A Comissão de Previdência, Assistência Social, Infância,
Adolescência e Família da Câmara dos Deputados aprovou o Projeto de Lei
1691/25, que criminaliza a criação, o incentivo e o compartilhamento de
conteúdos digitais que induzam crianças e adolescentes a participarem de jogos
perigosos. A proposta abrange desafios tanto no ambiente virtual quanto fora
dele que resultem em danos à saúde física ou mental.
Pelo texto, a conduta de induzir menores a essas práticas
passa a ser crime previsto no Estatuto da Criança e do Adolescente (ECA). A
pena prevista é de reclusão de 3 a 6 anos.
A punição aumenta conforme a
gravidade das consequências:
- se resultar em lesão corporal
grave: 2 a 8 anos de reclusão;
- se resultar em lesão corporal
gravíssima: 4 a 12 anos de reclusão;
- se resultar em morte: 15 a 30 anos
de reclusão.
A relatora da proposta, deputada Rogéria Santos
(Republicanos-BA), apresentou um parecer favorável com duas alterações técnicas
ao projeto original do deputado Fred Linhares (Republicanos-DF).
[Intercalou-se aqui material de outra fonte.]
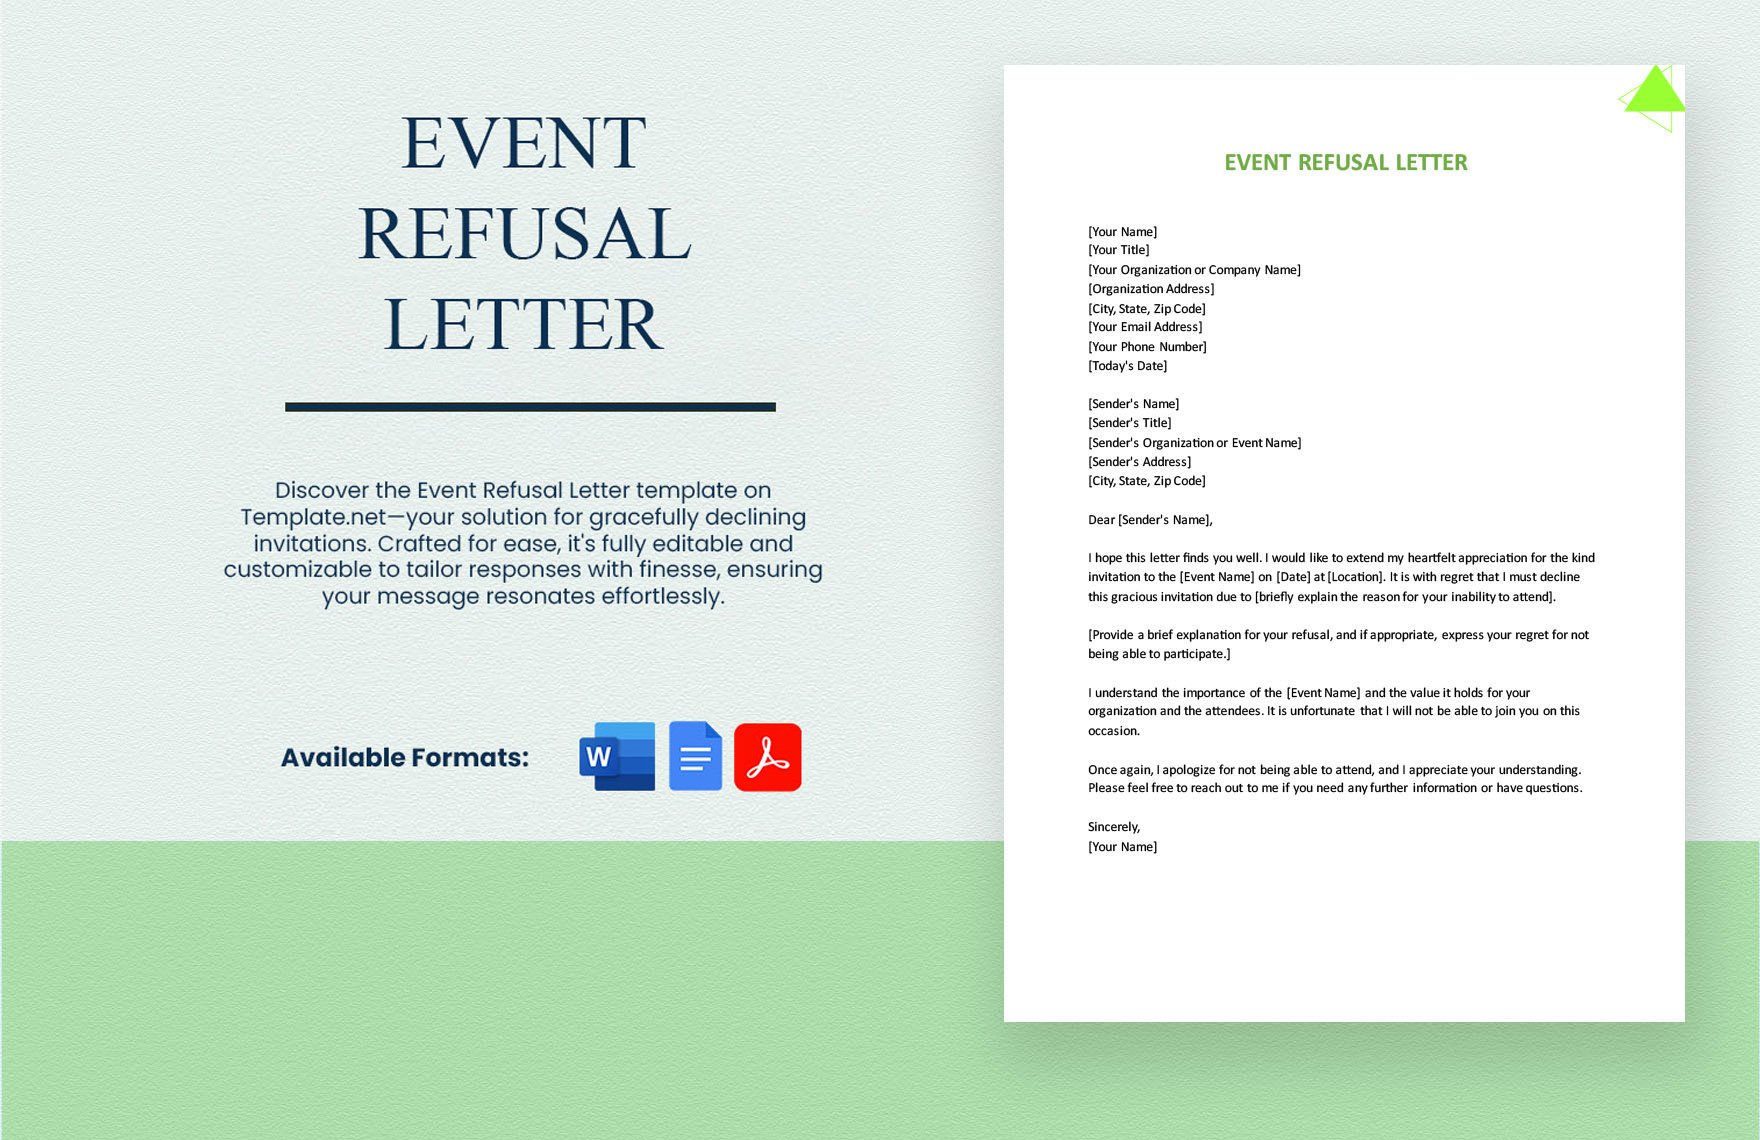 Event Refusal Letter in Word, Google Docs, PDF

“Ao incluir a obrigatoriedade de comunicação, por parte das
escolas e dos profissionais de saúde, de casos de indução à automutilação e de
desafios virtuais de risco, o projeto reforça a atuação da rede de proteção
social e fortalece o papel do conselho tutelar como elo essencial na detecção
precoce de situações de vulnerabilidade”, observou a relatora.
Desafios
Rogéria Santos disse que a proposta surge como resposta ao
aumento de casos de crianças feridas ou mortas em decorrência de “desafios” que
viralizam nas redes sociais, como inalar aerossóis, ingerir substâncias
perigosas ou obstruir as vias respiratórias.
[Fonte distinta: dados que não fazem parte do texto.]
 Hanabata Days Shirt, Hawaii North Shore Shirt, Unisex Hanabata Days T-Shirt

“A ausência de uma legislação específica fragiliza a
capacidade do Estado de prevenir e punir adequadamente esses comportamentos
criminosos”, afirmou a relatora. “A medida consagra um novo pacto
civilizatório, no qual a liberdade de expressão e de comunicação não pode
servir de escudo para práticas que estimulam o sofrimento e a autodestruição de
menores”, afirma.
Próximos passos
O projeto ainda será analisado pela Comissão de
Constituição e Justiça e de Cidadania, antes de seguir para a apreciação do
Plenário da Câmara.
Para virar lei, precisa ser aprovado pelos deputados e
pelos senadores e sancionado pelo presidente da República.